How we long to be known!  It is so rare and fleeting in life that we ever feel fully known. Being known in this life happens in glimpses, in spurts, in moments frozen in time. A look of shared meaning, the comment that show you this other person can tell what you’re thinking, the gesture that says he knows exactly what you need in that moment without you saying it. 

It’s nice to be known, it makes us feel complete to be known. Full. At peace.
But we also like to control how we’re known, how much we’re known, what is known of us in different contexts, and how the knowledge can be used.
It is unsettling to think that there is one who knows absolutely everything, the good and the bad, the deep and ugly, the ridiculous and embarrassing parts of us, and not just what we’re willing to post on our status updates.

There is a song by the Civil Wars where the frustrated lovers sing back and forth to each other. He sings, “You only know what I want you to.” and she answers, “I know everything you don’t want me to.”

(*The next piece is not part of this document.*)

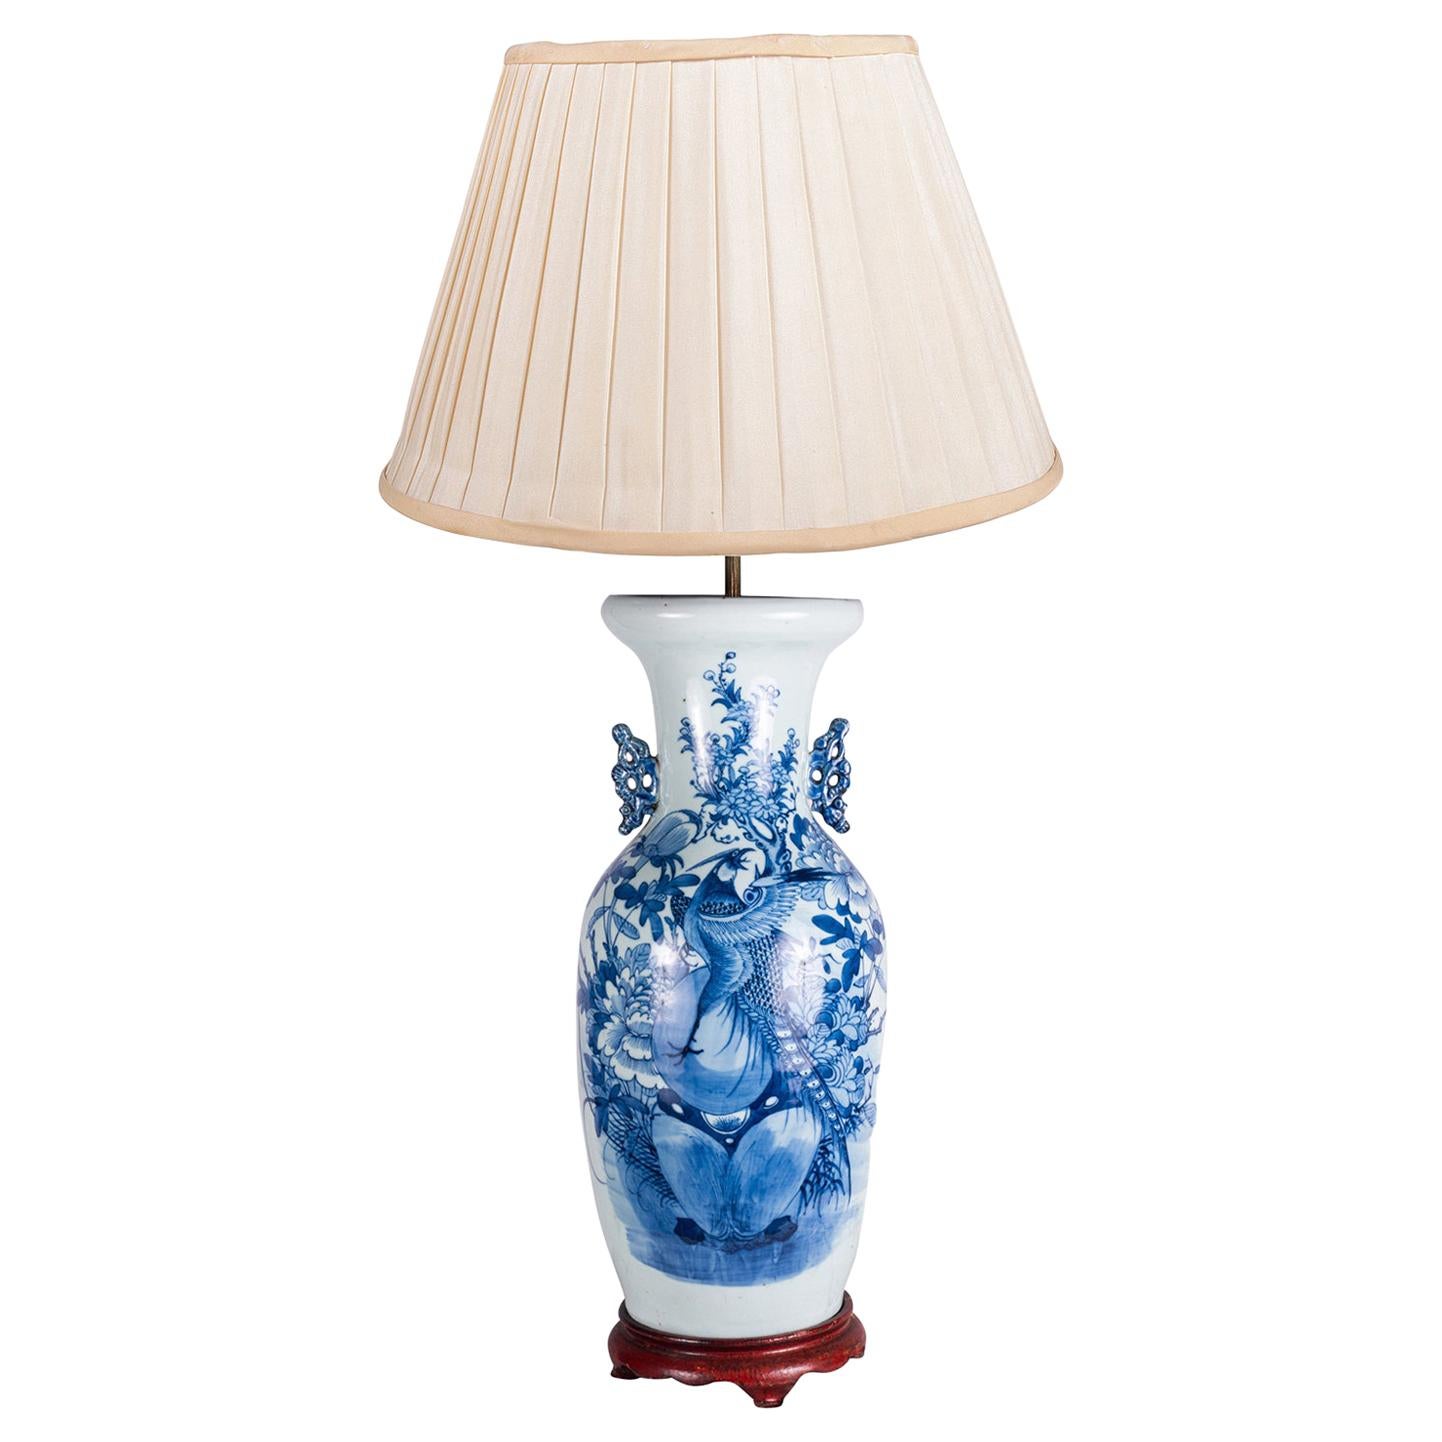 Chinesische blau-weiße Vase oder Lampe aus dem 19. Jahrhundert

That God knows us that way?  Everything, not just the things we want known about us.  And closely, intimately...

I was with a dear friend this week, sharing something that painful, and she was right there, listening, and I felt really known.  But then there was a moment when the being known went from feeling good to feeling too intense.  When I became afraid of my own emotion and weary of sharing, and I didn’t want to take things any deeper or stretch the conversation any further. In a split second I moved from feeling open and trusting, grateful for her presence with me, to wishing I could teleport her out of my car so I could just cry in peace without her looking at me with such invasive tenderness.

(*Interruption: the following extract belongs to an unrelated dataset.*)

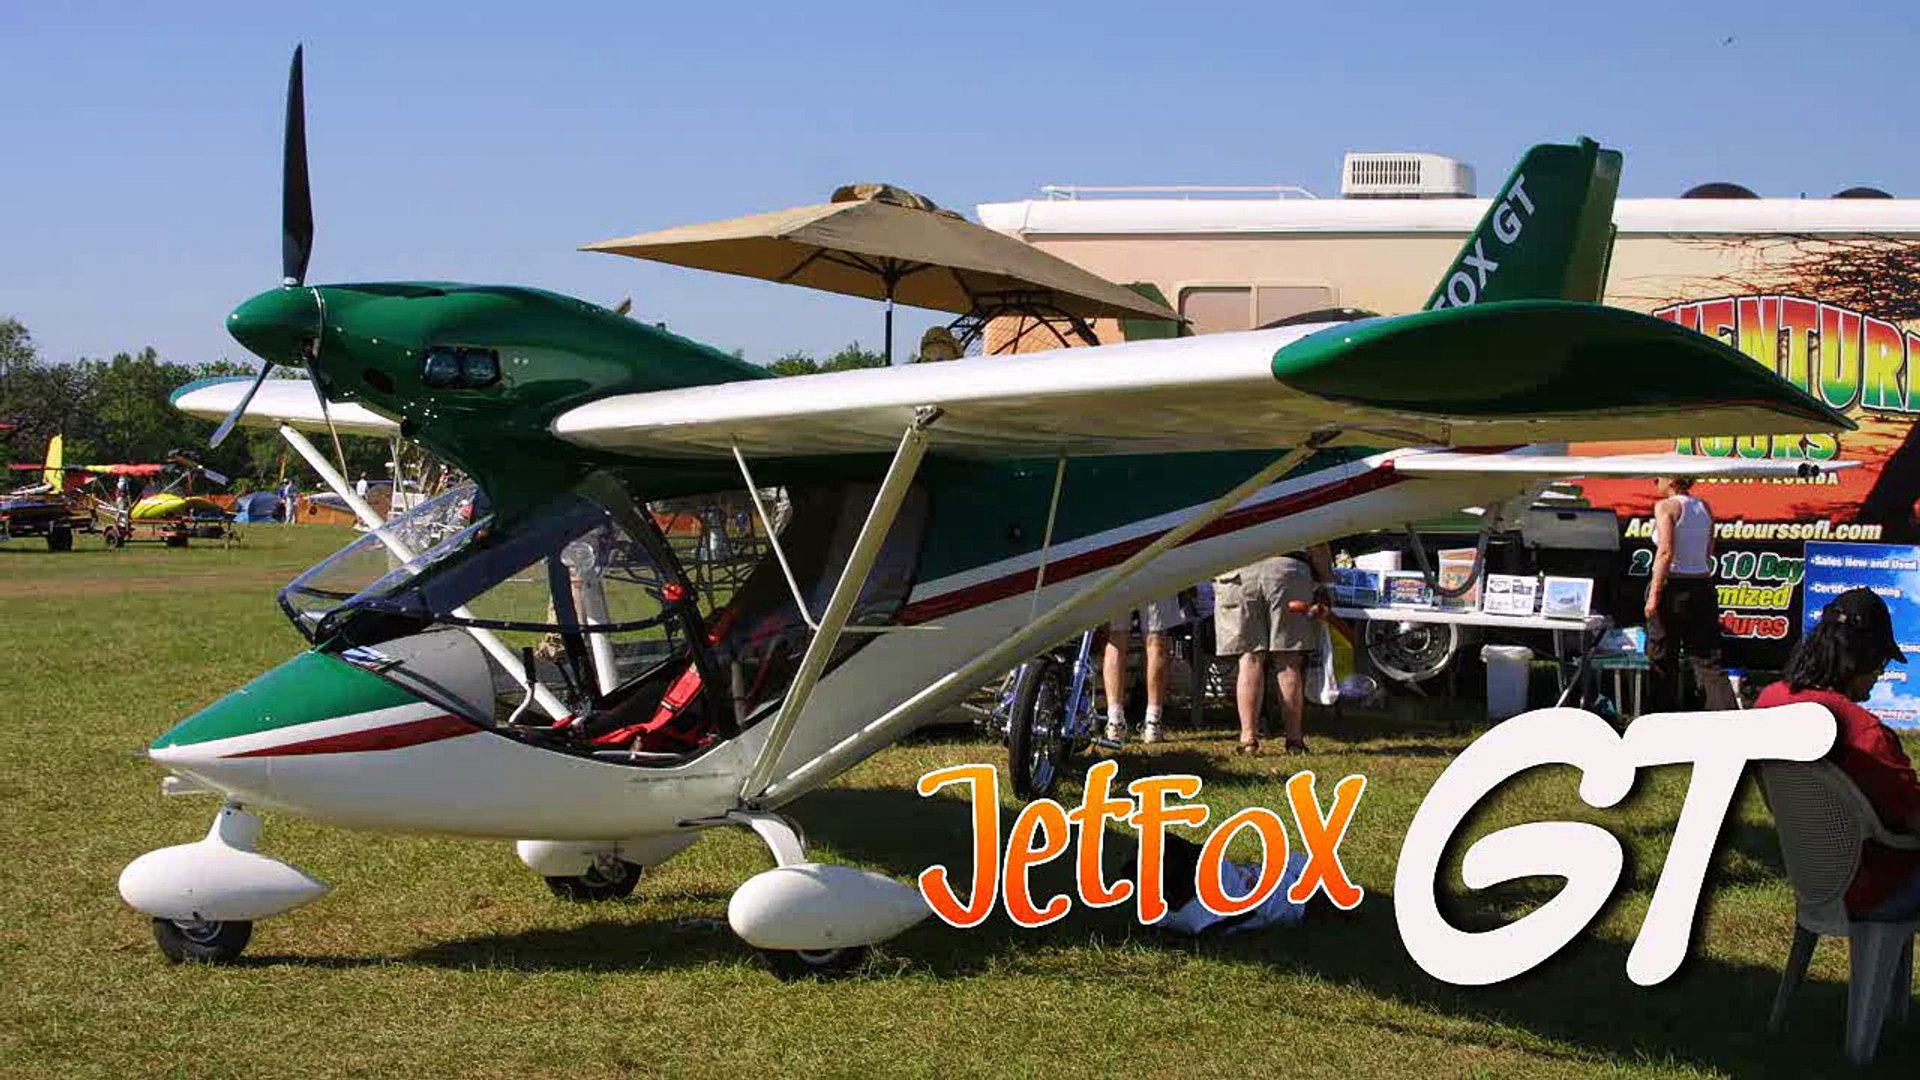 Jet Fox 91, Jet Fox 97, Jet Fox GT, Jet Fox Amphib experimental light sport aircraft.

Sometimes it’s hard to be known.  Sometimes it’s excruciating to be loved.
Sometimes we’d rather be alone. 
But God’s knowledge of us, God’s love of us, is apparently unyielding.

Margaret Wise Brown wrote a wonderful book called, The Runaway Bunny:

Once there was a little bunny who wanted to run away.
So he said to his mother, “I am running away.”
“If you run away,” said his mother, “I will run after you.
For you are my little bunny.”

“If you run after me,” said the little bunny,
“I will become a fish in a trout stream
and I will swim away from you.”

“If you become a fish in a trout stream,” said his mother,
“I will become a fisherman and I will fish for you.”

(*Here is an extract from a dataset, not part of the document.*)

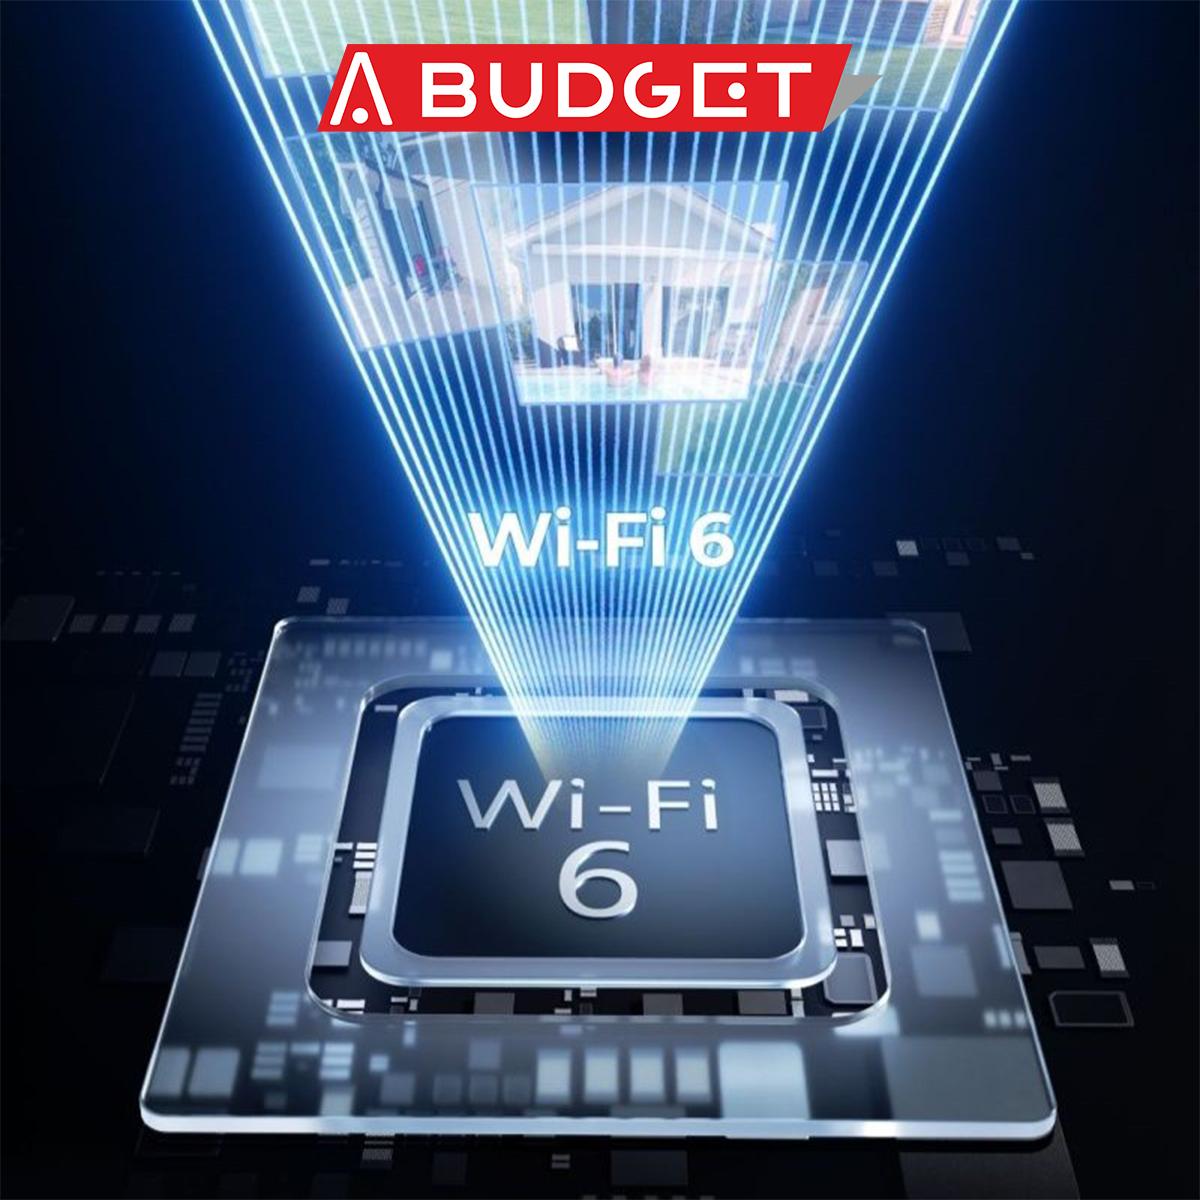 WiFi 6 technológia a biztonsági kamerák aspektusából!

And they go on: he becomes a rock on a mountain high above her, she becomes a mountain climber, he becomes a flower in a hidden garden, she becomes the gardener,  he becomes a bird, a sailboat, a trapeze artist, she becomes the tree, the wind, a tightrope walker. And when he becomes a little boy who runs into a house she answers,

 “If you become a little boy and run into a house,”
said the mother bunny, “I will become your mother
and catch you in my arms and hug you.”

“Shucks,” said the bunny, “I might just as well
stay where I am and be your little bunny.”

And so he did.
“Have a carrot,” said the mother bunny.

THIS is how relentless God’s love is. 

But there’s more, even.  
What about that chunk of this Psalm that was omitted for this week’s lectionary, and is almost always left out when we hear this psalm? 
The part where our cosy waltz veers off into mixed martial arts and starts ranting about hating people and asking God to kill them. 
Pretty horrifying, actually.  Almost discredits the whole thing.   I suspect this section gets cut because it makes us so uncomfortable to think someone could be this intimate with God and then go off into a hatred spiral. It feels so inconsistent.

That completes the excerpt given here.